I want to access the Pi by name; so I enabled Multicast DNS in the systemd-resolved config, and now I can refer to it with a name like pi.local on my home network.

All of the setup is automated in Ansible playbooks, when I break the machine I can rebuild it without having to go back to this blog post.

Audio

The Pi’s analogue audio output isn’t supported in Fedora IoT 38, but HDMI audio is. HDMI audio is handled by Broadcom VideoCore 4 hardware, driven by the vc4 driver.

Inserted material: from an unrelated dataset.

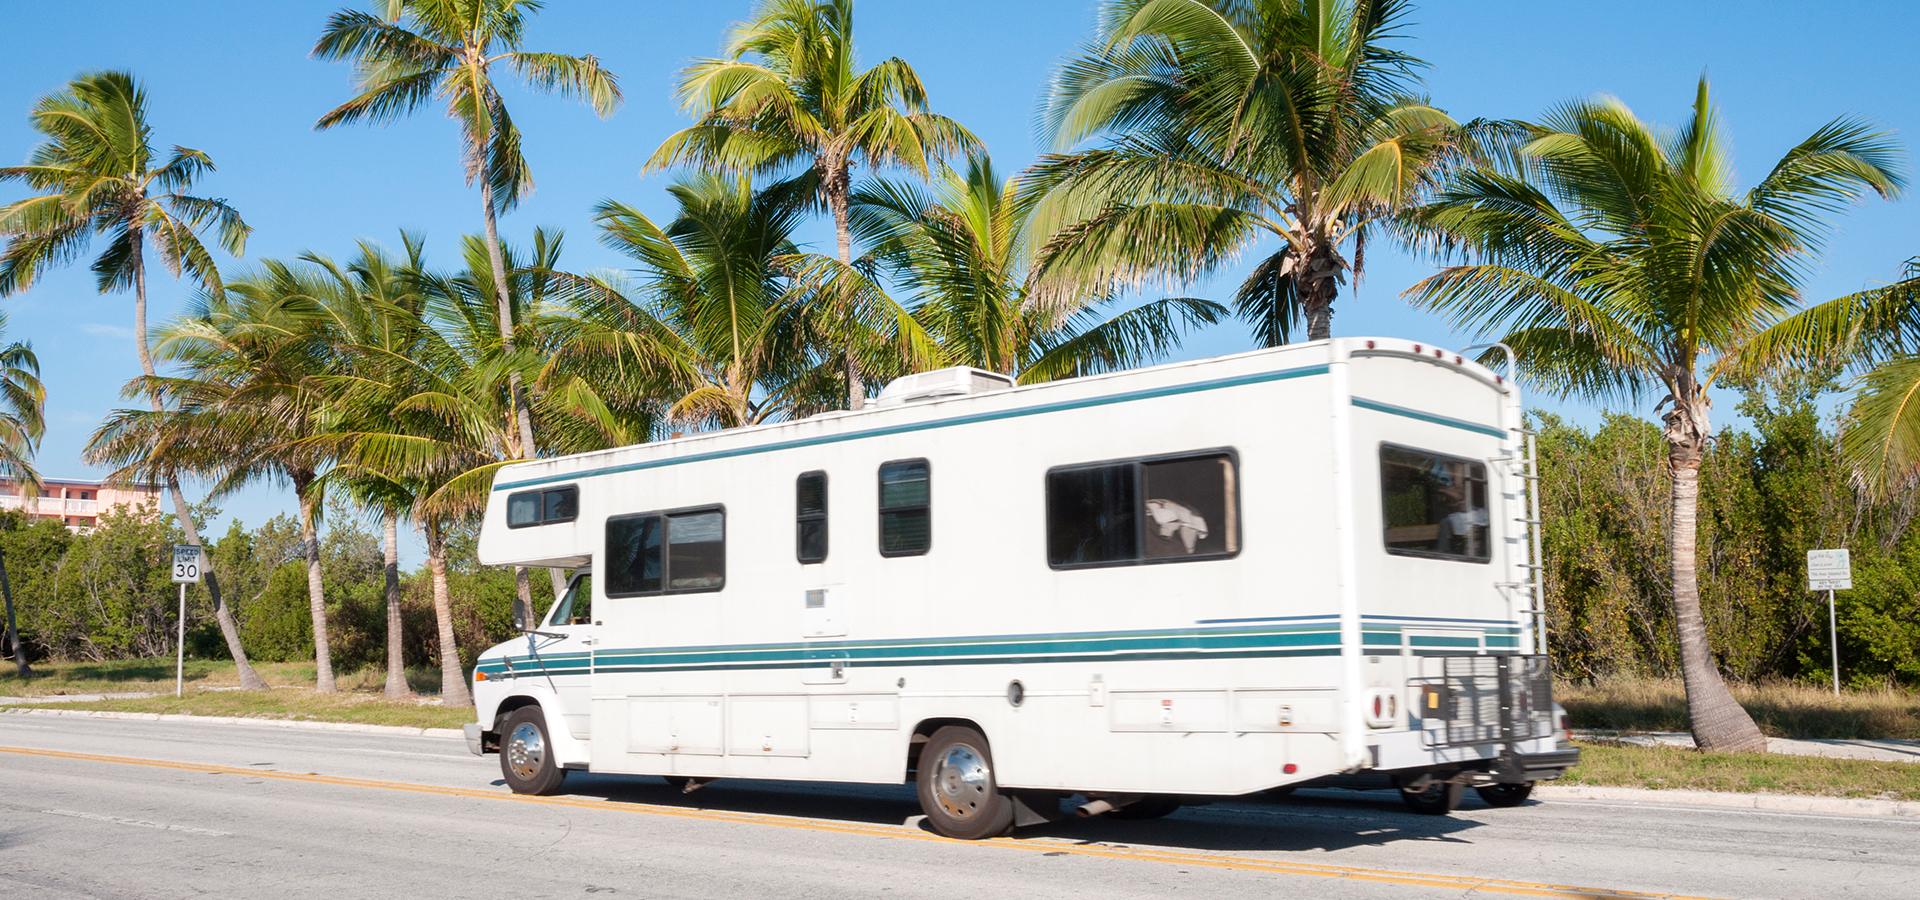 The Best Places in Florida to Visit in Your RV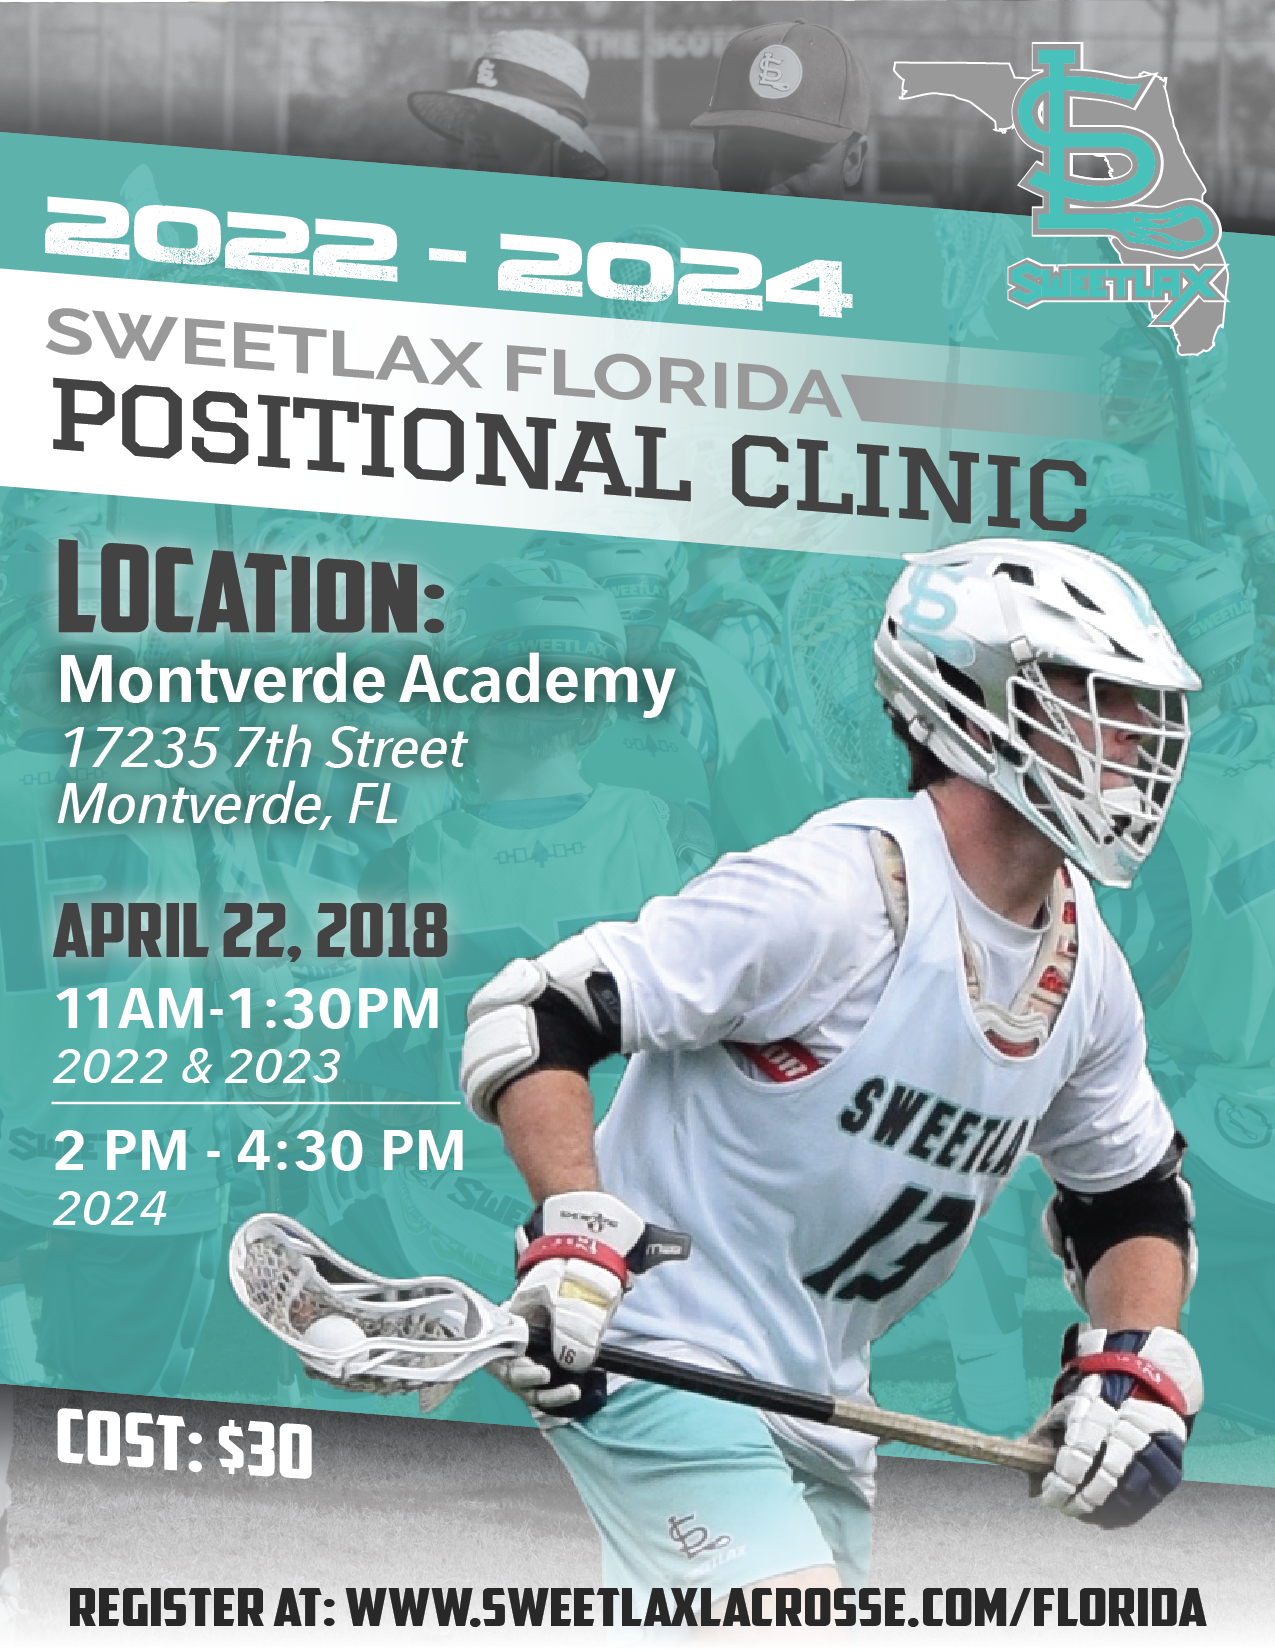 sweetlax-florida-2022-2025-tryout-positional-clinic-sweetlax-lacrosse

As of Fedora IoT 38 this driver is blocklisted on the kernel commandline, and HDMI audio devices only appear after running modprobe vc4. Removing the block caused Bluetooth to stop working; I don’t really want to know what’s going on here, so instead I added a systemd unit to run modprobe vc4 after basic.target, and moved on.

I also had to add my pi user to the audio system group, done using systemd-sysusers in `/etc/sysusers.d`. Now I can see the audio devices, and (once installed) so can Pipewire and Wireplumber:

> aplay -l
**** List of PLAYBACK Hardware Devices ****
card 0: vc4hdmi0 [vc4-hdmi-0], device 0: MAI PCM i2s-hifi-0 [MAI PCM i2s-hifi-0]
  Subdevices: 1/1
  Subdevice #0: subdevice #0
card 1: vc4hdmi1 [vc4-hdmi-1], device 0: MAI PCM i2s-hifi-0 [MAI PCM i2s-hifi-0]
  Subdevices: 1/1
  Subdevice #0: subdevice #0

Amazingly, using aplay I can now play audio from my TV.

Bluetooth

The Pi has a combined Bluetooth+Wifi adapter, the BCM4345C0. By default this needs manual probing with bcattach to make it appear. Following the overlays README, we can add this line to cat /boot/efi/config.txt for it to appear automatically on boot:

dtparam=krnbt=on

You can confirm it’s working by checking if /sys/class/bluetooth/ is populated with the hc0 controller.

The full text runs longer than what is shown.